When I was in high school, I drew all kinds of doodles in my notes in class, but I also wrote hundreds of lines of 6502 to solve problems that had stumped me. Through the local computer shop, Stonehenge Computing, I found a small, thriving community of young men like me who were hacking on the Apple II, all suffering through the foibles of the 6502 and Woz’s spartan hardware design.
In college, I still hacked 6502. One of the last things I wrote for the Apple II was an implementation of Conway’s Rules of Life. A few years ago, I had a small stack of my remaining 5.25″ floppies read out and I found the source, which I put up on codeplex. To my surprise, I had commented the living hell out of it. Good for me.
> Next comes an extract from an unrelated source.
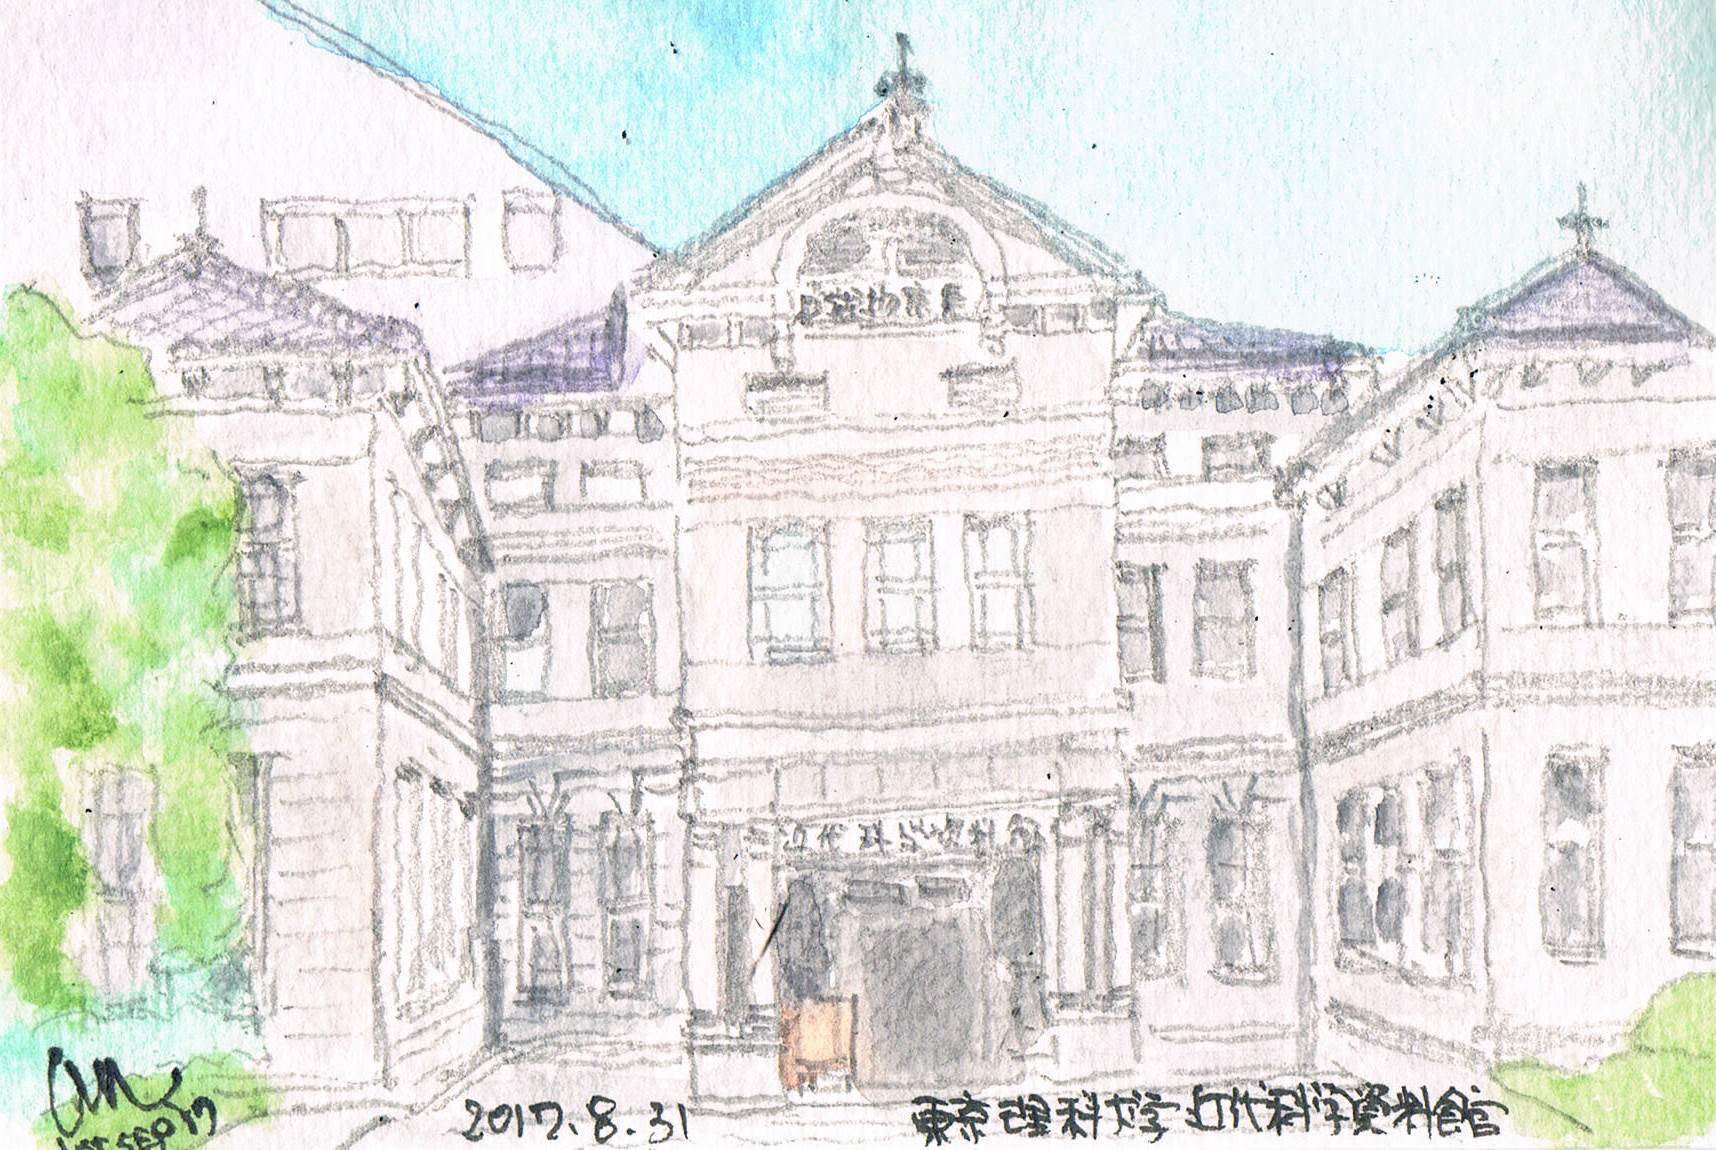 東京理科大学・近代科学資料館_e0232277_21523308.jpg

1000 * THE FOLLOWING IS AN ADAPTATION 1010 * OF JOHN CONWAYS GAME OF 'LIFE' 1020 * THE RULES ARE SIMPLE: 1030 * THE SCREEN IS DIVIDED IN CELLS. 1040 * A CELL IS EITHER DEAD OR ALIVE. 1050 * IF A CELL HAS EITHER 2 OR 3 1060 * NEIGHBORS, IT WILL LIVE IN THE 1070 * NEXT GENERATION. 1080 * A DEAD CELL WILL REINCARNATE IF 1090 * IT HAS EXACTLY 3 NEIGHBORS. 1100 * ANY OTHER NUMBER OF NEIGHBORS 1110 * WILL MEAN THAT CELL IS DEAD IN 1120 * THE NEXT GENERATION. 1130 *--------------------------------- 1140 * MOST IMPLEMENTATIONS USE A TWO 1150 * BUFFER SYSTEM: ONE FOR THE 1160 * CURRENT GENERATION, AND ONE FOR 1170 * THE NEXT GENERATION. THIS 1180 * VERSION USES ONE BUFFER FOR THE 1190 * CURRENT GENERATION AND KEEPS 1200 * A LIST OF CELLS THAT HAVE 1210 * CHANGED. THIS SAVES TIME AND 1220 * MEMORY. SINCE DEATH AND BIRTH 1230 * ARE A BINARY PROCESS THE CELL 1240 * DRAWING/ERASE ROUTINES ARE ONE 1250 * AND THE SAME. THIS IS DONE VIA 1260 * EXCLUSIVE-OR DRAWING. 1270 *--------------------------------- 1280 * IMPLEMENTAION FOR APPLE II 1290 * SERIES COMPUTERS BY 1300 * STEPHEN HAWLEY 9/85
I put this comment on here because this was the point when I independently invented the display list. This was a repeating theme in college. I invented a ton of things I found out later were CS staples, and all of them in 6502.